Various forms of computer-readable media may be involved in carrying one or more sequences of one or more instructions to the processor(s) 510 for execution. Merely by way of example, the instructions may initially be carried on a magnetic disk and/or optical disc of a remote computer. A remote computer might load the instructions into its dynamic memory and send the instructions as signals over a transmission medium to be received and/or executed by the computer system 500.

The communication interface 530 and/or components thereof generally will receive signals, and the bus 505 then might carry the signals and/or the data, instructions, etc. carried by the signals to the working memory 535, from which the processor(s) 510 retrieves and executes the instructions. The instructions received by the working memory 535 may optionally be stored on a non-transitory storage device 525 either before or after execution by the processor(s) 510.

FIG. 6 is a block diagram of a method 600 for tracking human movement, according to an embodiment. Here, the functions provided in each of the blocks of FIG. 6 may be performed by one or more of the components of the simulation system 100, such as the client(s) 160 and/or server 170. Moreover, because the client(s) 160 and server 170 may comprise a computer system, means for performing the functions illustrated in each of the blocks of FIG. 6 may comprise software and/or hardware components of a computer system, such as those illustrated in FIG. 5 and described above. As with other figures provided herein, FIG. 6 is provided as an example embodiment, and alternative embodiments may employ any number of variations, such as performing functions in different order, combining functions, separating functions, etc.

At block 610, the functionality comprises obtaining a first plurality of images from a plurality of cameras, where the plurality of images comprises an image, from each camera of the plurality of cameras, of one or more human subjects in a simulation volume taken at a first, and time. As previously noted, this first plurality of images may comprise a first “frame,” and a server may send a synchronization instruction (e.g., a signal, command, message, etc.) to one or more clients to cause the plurality of cameras capture the first frame at substantially the same time.

The functionality at block 620 comprises determining, for each image of the first plurality of images, a respective plurality of keypoints for each of the one or more human subjects. Determining the respective plurality of keypoints comprises using image recognition on the respective image to identify the keypoints for each of the one or more human subjects, independent of one the one or more human subjects are wearing. As previously noted, a 2-D pose-estimation software, such as OpenPose, can be used to determine keypoints of human subjects within an image. Because such pose-estimation software can operate on image recognition of human subjects, keypoints can be determined without the need of using special markers, equipment, etc. As such, unlike other image capture techniques, embodiments provided herein can allow human subjects to participate in simulations without the need to wear any special gear. Pose estimation based on image recognition of human subjects can be independent of what the human subjects are wearing.

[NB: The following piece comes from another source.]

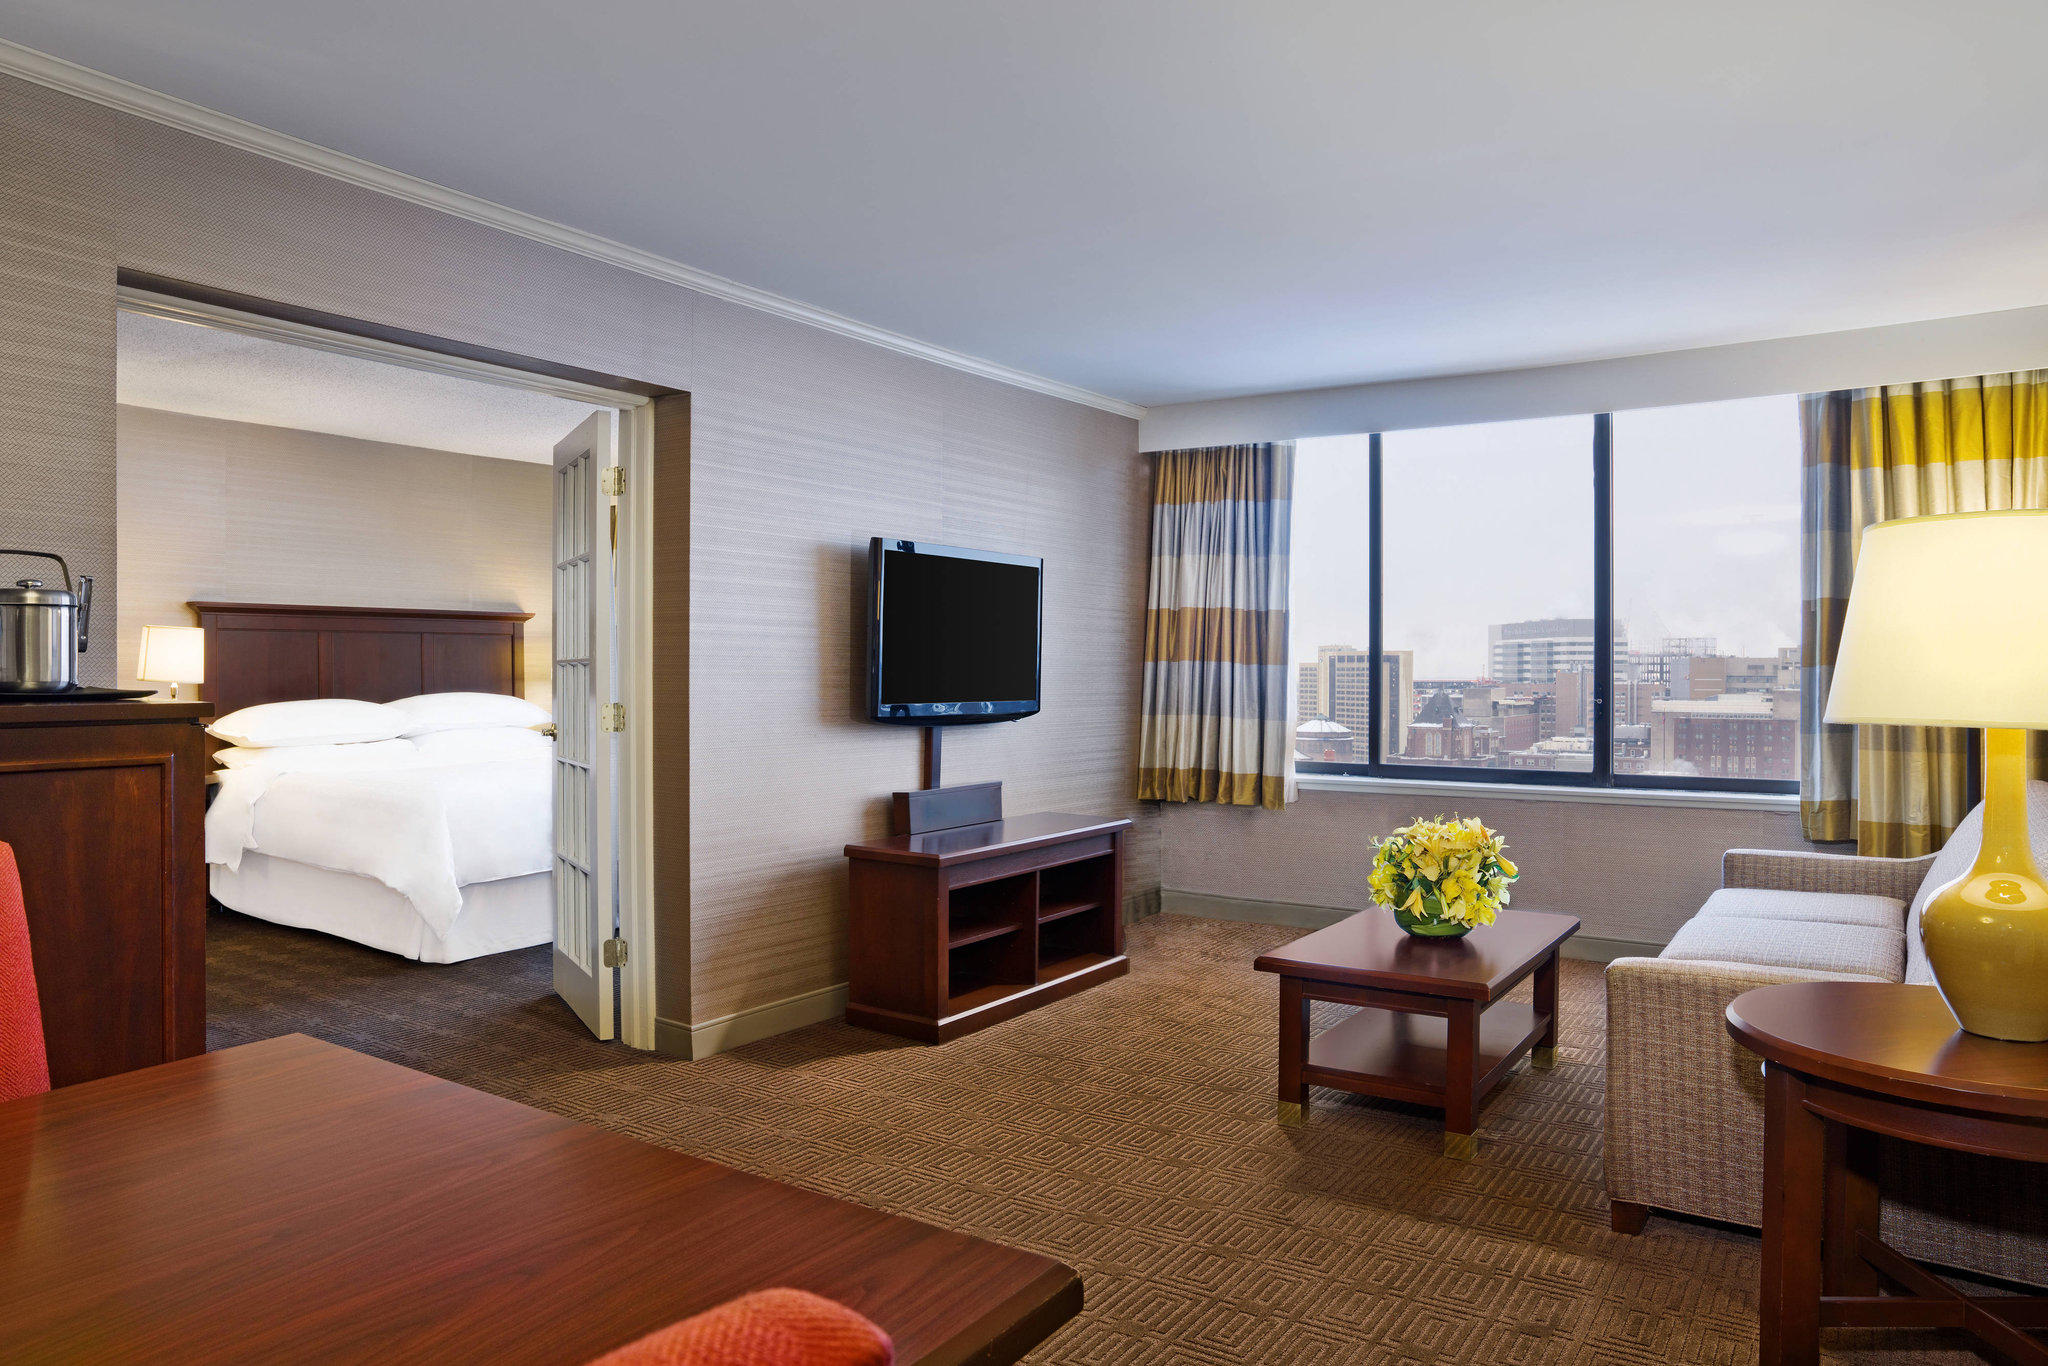 Sheraton Philadelphia University City Hotel Photo

At block 630, the method 600 comprises comparing, for each image of the first plurality of images, the respective plurality of keypoints for each of the one or more human subjects with a respective plurality of keypoints for each of the one or more human subjects of one or more other images of the first plurality of images. As previously stated, such comparisons may comprise determining a 3D keypoints from 2D keypoints in pairs of images. Thus, according to some embodiments, the comparing functionality at block 630 may, at least in part, comprise triangulating, using a first pair of images of the first plurality of images, each keypoint in the first plurality of keypoints for the first human subject of one or more human subjects to determine a corresponding first plurality of 3D keypoints.

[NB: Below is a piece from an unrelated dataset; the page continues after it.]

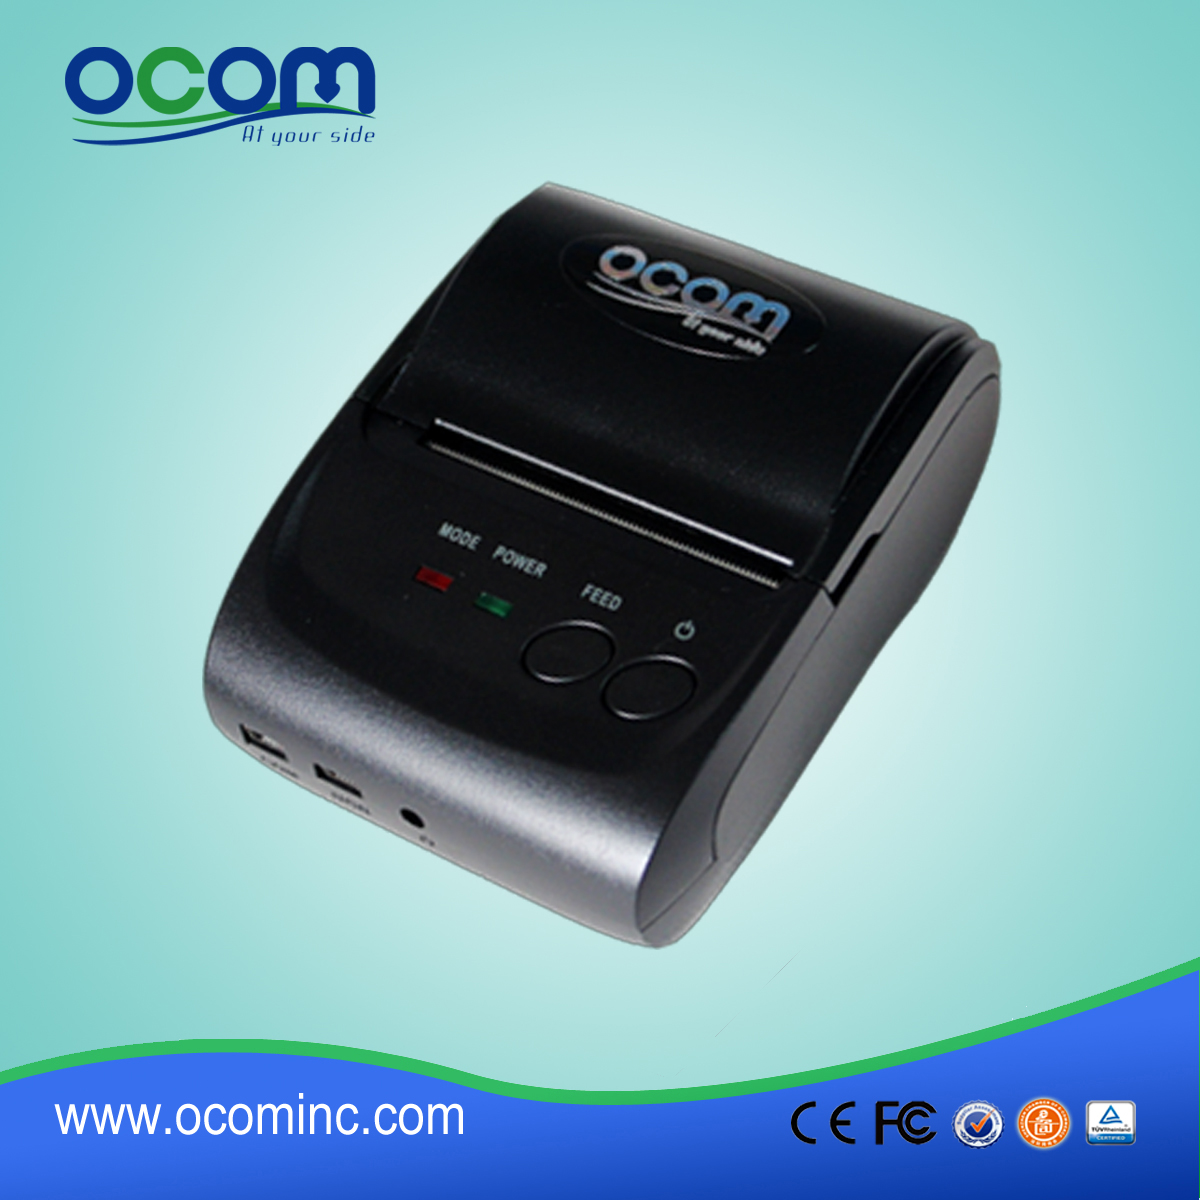 OCPP-M05: 58 Bluetooth термопринтер, мини-термопринтер

Further, as noted in FIG. 4, these different 3D keypoints for a particular human subject can be merged to create a final set of 3D keypoints for the subject. Thus, according to some embodiments, the method 600 may further comprise determining a final plurality of 3D keypoints for the first human subject at least in part by determining, for each keypoint of the first plurality of 3D keypoints, a distance between the respective keypoint of the first plurality of 3D keypoints and a corresponding keypoint of a second plurality of 3D keypoints of the first human subject, where the second plurality of 3D keypoints is determined from a second pair of images of the first plurality of images.

At block 640, the functionality comprises determining a first 3D representation of each of the one or more human subjects, based on the comparison. As noted in the embodiments provided herein, this 3D representation of each of the one or more human subjects may comprise a final plurality of 3D keypoints (e.g., a final 3D skeleton) for each of the human subjects. Furthermore, this 3D representation may be used to create an avatar or other representation of the subject within a visualization of the simulated environment, which can be provided to subjects and/or others. Thus, according to some embodiments, the method 600 may further comprise generating a visualization based on the determined first 3D representation of each of the one or more human subjects. In some embodiments, this visualization may be provided to one or more HMDs worn by the one or more human subjects.

As noted in the embodiments above, embodiments may further correlate these 3D keypoints for a subject between frames, allowing for tracking of the subject over time. Thus, according to some embodiments, the method 600 may further comprise causing each camera to capture, at a second time, a respective image of the one or more human subjects in the simulation volume, resulting in the respective second plurality of images of the one or more human subjects in the simulation volume taken at a second time, determining a second 3D representation of at least one human subject of the one or more human subjects, and correlating the second 3D representation of the at least one human subject to the first 3D representation of the least one human subject. Similar to matching 3D keypoints between different pairs of images to determine the 3D keypoints belong to a single subject, the matching of 3D keypoints between frames can be distance based. Thus, according to some embodiments, the method may further comprise correlating the second 3D representation of the at least one human subject to the first 3D representation of the at least one human subject at least in part by, for each 3D keypoint of the second 3D representation, determining a distance between the respective 3D keypoint of the second 3D representation with the corresponding 3D keypoint of the first 3D representation of the at least one human subject.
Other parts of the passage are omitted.